Wayne Rittmuller

Personal information
- Nationality: South African
- Born: 18 June 1982 (age 44) South Africa

Sport
- Sport: Lawn bowls
- Club: Stella Park BC

Medal record
Representing South Africa
Men's lawn bowls
National Championships
| Gold medal – first place | 2017 | singles |
| Gold medal – first place | 2018 | singles |
| Gold medal – first place | 2022 | pairs |

= Wayne Rittmuller =

South African lawn bowler

Wayne Neville Rittmuller (born 18 June 1982) is a South African international lawn bowler and three times national champion of South Africa.
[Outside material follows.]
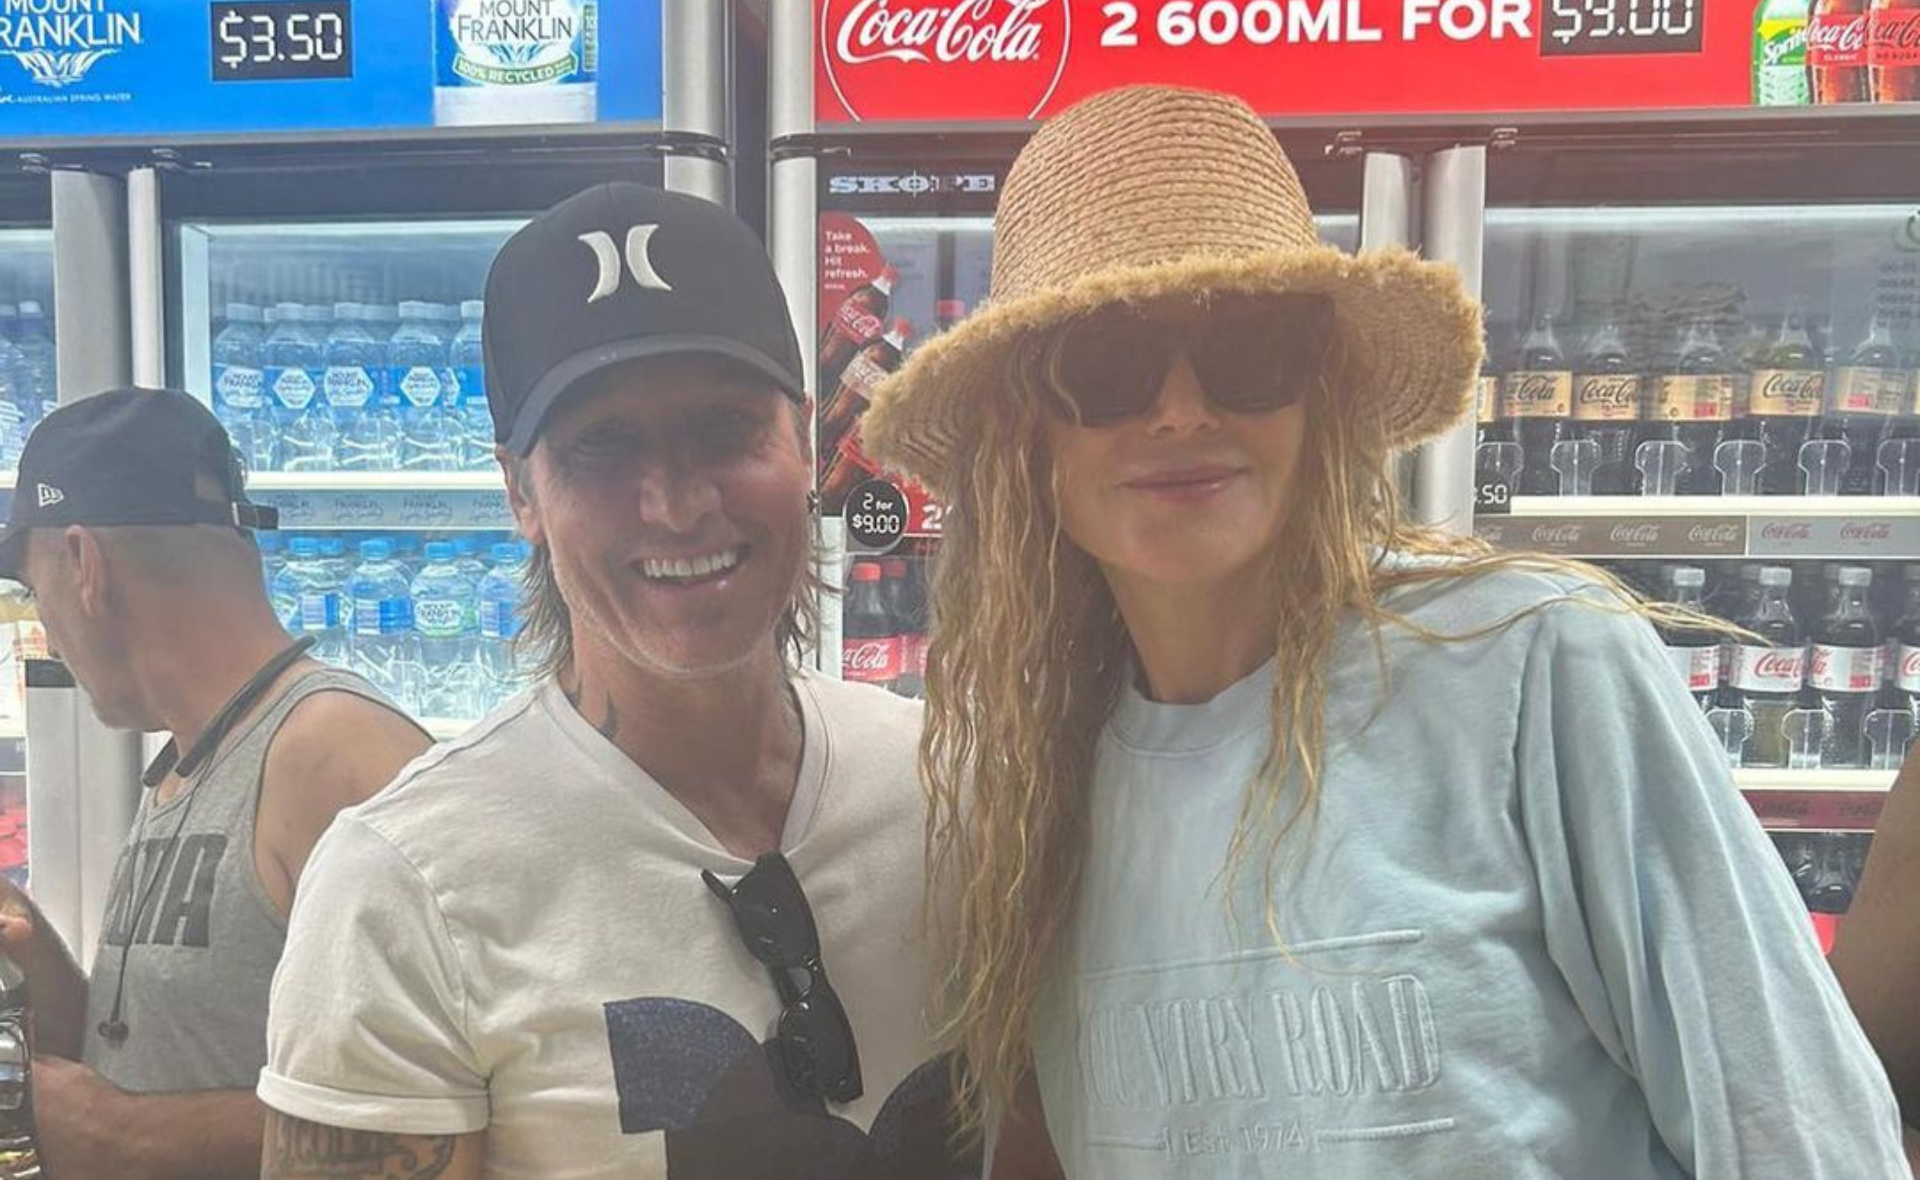 EXCLUSIVE: Kebab shop owner TELLS all about Nicole Kidman and Keith Urban

He has represented South Africa at the Commonwealth Games.

==Biography==
Rittmuller started playing bowls aged 12 and played for Wentworth Bowling Club from 2001 to 2005. He won the South African national singles title two years in succession in 2017 and 2018 at the South African National Bowls Championships, when bowling for Stella Park (Port Natal). In 2022, he won his third title but this time in the pairs with Jason Lott for the Hillary BC.

In 2022, he was selected for the 2022 Commonwealth Games in Birmingham where he competed in the men's pairs event and the men's fours event.

In 2023, he was selected as part of the team to represent South Africa at the 2023 World Outdoor Bowls Championship. He participated in the men's singles and the men's pairs events.